Deploy Custom Rule
deploy_ruleDeploy a custom evaluation rule to automatically enforce quality checks on agent outputs, catching recurring failures without manual review.
Instructions
Deploy a new custom evaluation rule that will fire on every future evaluate_output call of its eval category.
Sibling tools — list_rules enumerates deployed rules, delete_rule removes them, evaluate_output runs them. log_trace / get_traces / delete_trace handle the trace lifecycle separately; evaluate_with_llm_judge / verify_citations run semantic scoring (not heuristic-rule-driven). deploy_rule is the WRITE path that grows the custom-rule library.
Behavior. Writes a row to ~/.iris/custom-rules.json (atomic write via temp file + rename) and appends a rule.deploy entry to the audit log (~/.iris/audit.log). The rule activates immediately for the running process and persists across restarts. Each call mints a fresh rule_id; not idempotent (deploying twice creates two rules). Tenant-scoped in Cloud tier; OSS rules are owned by LOCAL_TENANT. Rate-limited to 20 req/min on HTTP MCP.

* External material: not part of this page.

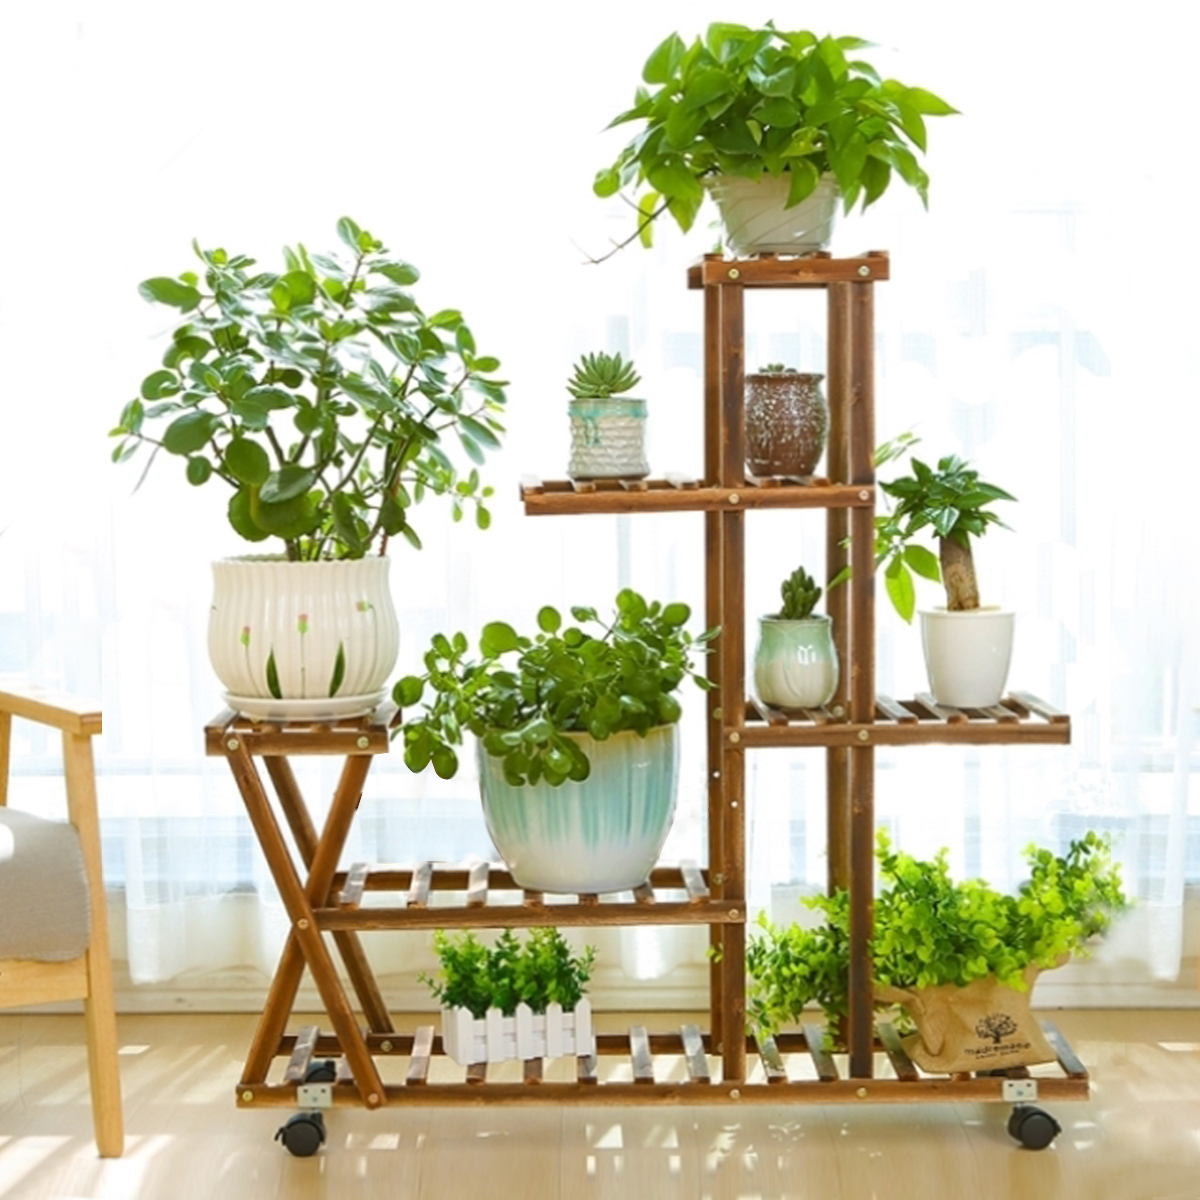 Wooden Plant Flower Pot Stand Shelf Indoor Outdoor Garden Planter With Wheels 9

Output shape. Returns JSON: { "rule": { "id": "rule-XXXX", "name", "description", "evalType", "severity", "definition", "enabled": true, "createdAt", "updatedAt", "version": 1, "sourceMomentId?" } }. The returned rule is the canonical persisted form; save the id if you plan to update or delete later.
Use when an agent observes a recurring failure pattern and decides to enforce it as a standing rule. The sourceMomentId field preserves provenance — downstream audit can trace the rule back to the moment that inspired it. Combine with evaluate_output + get_traces: 1) evaluate_output surfaces failures; 2) get_traces filters to the failure set; 3) analyze the pattern; 4) deploy_rule bakes it into the default eval path.
Don't use to VALIDATE a rule before committing — deploy writes immediately. Use the dashboard's preview endpoint (POST /api/v1/rules/custom/preview) for dry-run validation against sample output. Don't use to EDIT an existing rule — this call only creates; edits require a dedicated flow (coming in v0.5). To update a rule today: delete_rule then deploy_rule with the new definition.
Parameters. name is 1-120 chars (Zod-enforced min/max); appears in eval_result rule_results so make it human-readable. description is optional, max 500 chars (used in dashboard tooltips). evalType determines WHEN the rule fires (must match the eval_type your evaluate_output calls use; e.g., a "completeness" rule fires on every evaluate_output where eval_type="completeness" OR eval_type="custom"). severity affects dashboard sort + audit log signal but does NOT affect scoring (scoring uses the rule's weight). definition.type and definition.config must match (e.g., regex_match needs config.pattern; cost_threshold needs config.max_usd; min_length needs config.min). sourceMomentId is optional but recommended (preserves workflow-inversion provenance from Make-This-A-Rule composer). Defaults: severity="medium".
Error modes. Throws 400 on invalid definition (Zod rejects — e.g., regex that fails safe-regex2 ReDoS check, or length > 1000 chars). Throws 400 on empty name. Throws 400 if the eval category mismatches the definition type. Returns 429 when HTTP rate limit exceeded. File-write failures (disk full, read-only fs) propagate as 500; the audit log is best-effort and does not block deploy.
Input Schema
| Name | Required | Description | Default |
|---|---|---|---|
| name | Yes | Human-readable rule name (used in eval results) | |
| description | No | What this rule checks for and why it matters | |
| evalType | Yes | Eval category this rule belongs to; determines when it fires | |
| severity | No | Severity used for dashboard sort + audit alerts | medium |
| definition | Yes | Check definition (regex, length, keyword, cost, or schema) | |
| sourceMomentId | No | Optional Decision Moment ID the rule was derived from (preserves workflow-inversion provenance) |